NAS found in its 1993 report that the studies of cognitive and
neuropsychiatric disorders were beset by a number of methodologic
problems, including exposure measures, the wide variety of
``standardized'' test instruments used, and the inability to detect or
correct for other influences on test results such as emotional state,
non-neurologic disease, metabolic conditions, fatigue, medications, or
style of the examiner. Because of their failure to adequately control
for these confounding factors, those studies lacked credibility in
assessing the relationship of herbicide exposure to these conditions.
The 1996 NAS report reviewed one study (Peper M., Klett M., Frentzel-
Beyme R., Heller W.D., 1993. Neuropsychological effects of chronic
exposure to environmental dioxins and furans. Environmental Research
60:124-135) that found multiple neuropsychological changes; however,
the significance of these findings is uncertain because of the small
number of subjects, possible selection bias, the lack of an external
control group, and the low estimated amount of exposure. Another
reviewed study of a large sample of Vietnam veterans (Decoufle P.,
Holmgreen P., Boyle C.A., Stroup N.E., 1992. Self-reported health
status of Vietnam veterans in relation to perceived exposure to
herbicides and combat. American Journal of Epidemiology 135:312-323)
found reports of psychological dysfunction correlated with self-reports
of combat exposure and level of herbicide exposure.

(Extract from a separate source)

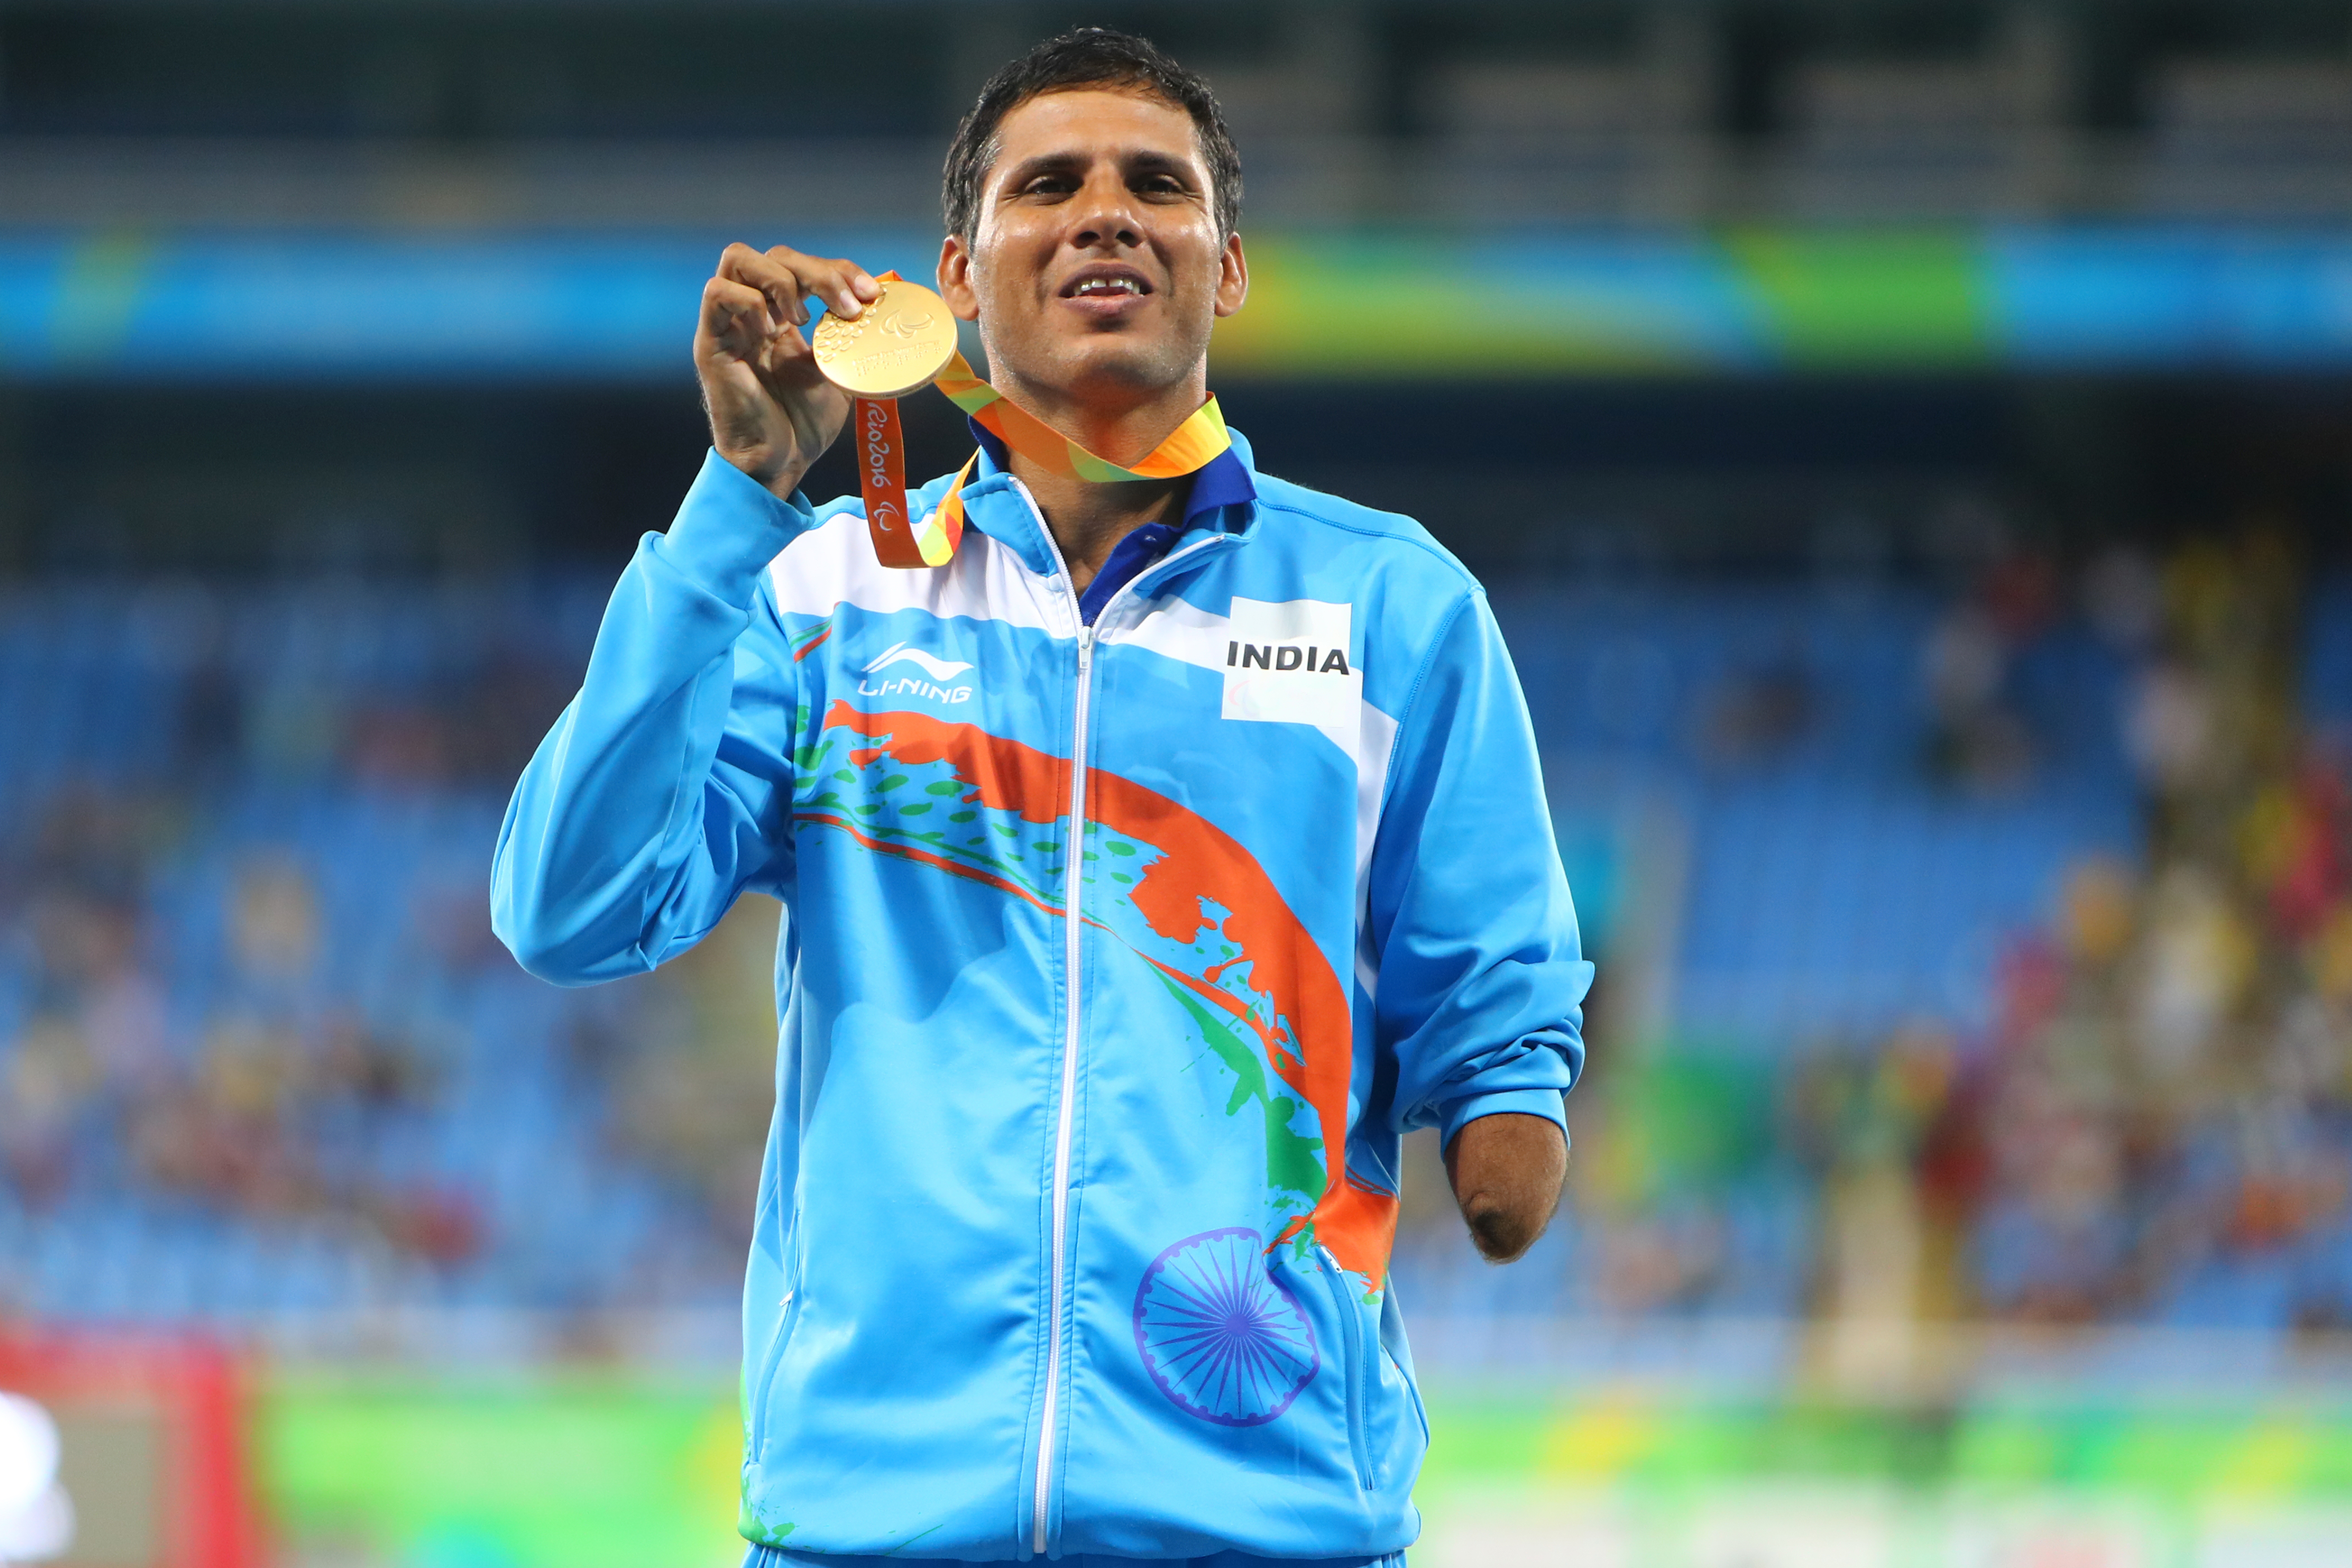 Paralympics Gold winner Jhajharia : Getting another gold after a 12-year long wait only sweetens the feeling more

Without
confirmation of the subject reports, the significance of these results
is in doubt. Because of methodological problems with the preceding
studies and two other reviewed studies (Zober A., Ott M.G., Messerer
P., 1994. Morbidity follow up study of BASF employees exposed to
2,3,7,8-tetrachlorodibenzo-p-dioxin (TCDD) after a 1953 chemical
reactor incident. Occupational and Environmental Medicine 51:469-486;
and Visintainer et al., 1995), there continues to be no credible
evidence for an association between herbicide exposure and cognitive
disorders or neuropsychiatric effects. Accordingly, the Secretary has
determined that a positive association does not exist.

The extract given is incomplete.